The book has no formal conclusion, perhaps because wars and their aftermaths are still ongoing in Iraq, Afghanistan, and elsewhere, and any attempt to assess definitively their outcome or meaning would quickly be outdated. But Stephenson misses an opportunity to use his considerable store of evidence to answer a question he raises at the close of his Civil War chapter. If war is such a devastating experience (in General Sherman's words, if "war is hell"), why does it continue to exist? Why is it that a man like Oliver Wendell Holmes Jr., wounded and thoroughly disillusioned, resigned his commission, yet less than twenty years later, "Like some American samurai, … discovered a fervent belief in the mystical importance of a warrior's unquestioning obedience unto death" (165). Why, in short, do men so easily forget the atrocities of past wars just in time for the next one? Of course, many historians have fruitfully explored the meaning and memory of death and the heroic ideal after the battle,[4] but we are left to wonder about Stephenson's thoughts on the subject.

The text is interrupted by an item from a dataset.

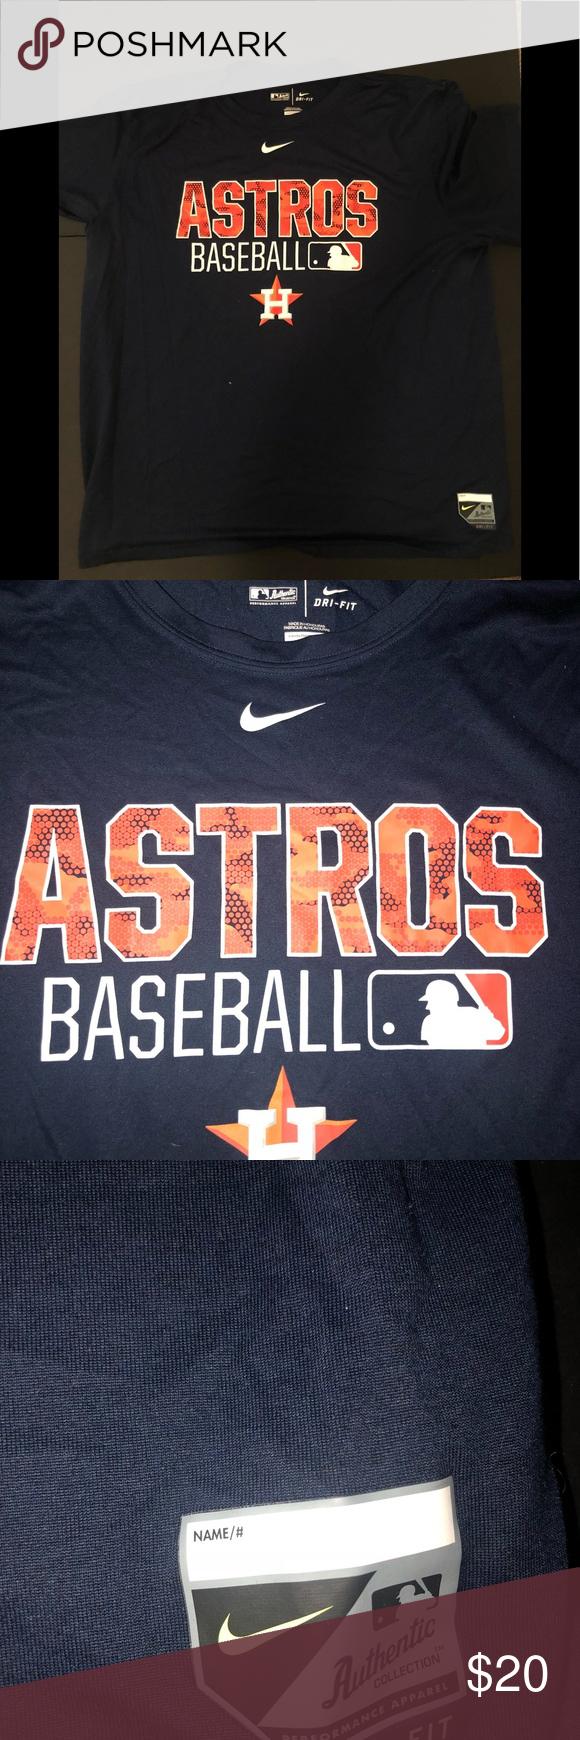 Nike Dri Fit Houston Astro Mlb Blue T Shirt 81 Blue Tshirt Nike Dri Fit Nike Shirts [ 1740 x 580 Pixel ]

This book is a thoughtful, respectful treatment of a difficult subject. Its author deftly balances personal, sometimes extremely graphic accounts of death and mutilation with enlightening historical analyses, steering clear of the purely anecdotal war stories or "pornography of violence" that John Keegan warned against.[5] I recommend The Last Full Measure to both scholars and general readers with any interest in military history.

[1] Of Patriot Battles: How the War of Independence Was Fought (NY: Harper, 2007).

[2] NY: Viking, 1976.

[3] See, e.g., 24–26, where he deploys statistics about the variety and lethality of weapons in the Iliad first compiled by a German physician, H. Frölich, in Militärmedicin Homer's (Stuttgart 1879), and recently revised by K.B. Saunders, "Frölich's Table of Homeric Wounds," Classical Quarterly 54 (2004) 1–17.

[4] See, e.g., Paul Fussell, The Great War and Modern Memory (NY: Oxford U Pr, 1975), and Jonathan Vance, Death So Noble: Memory, Meaning, and the First World War (Vancouver: U British Columbia Pr, 1997).

[5] The Face of Battle (note 2 above) 29.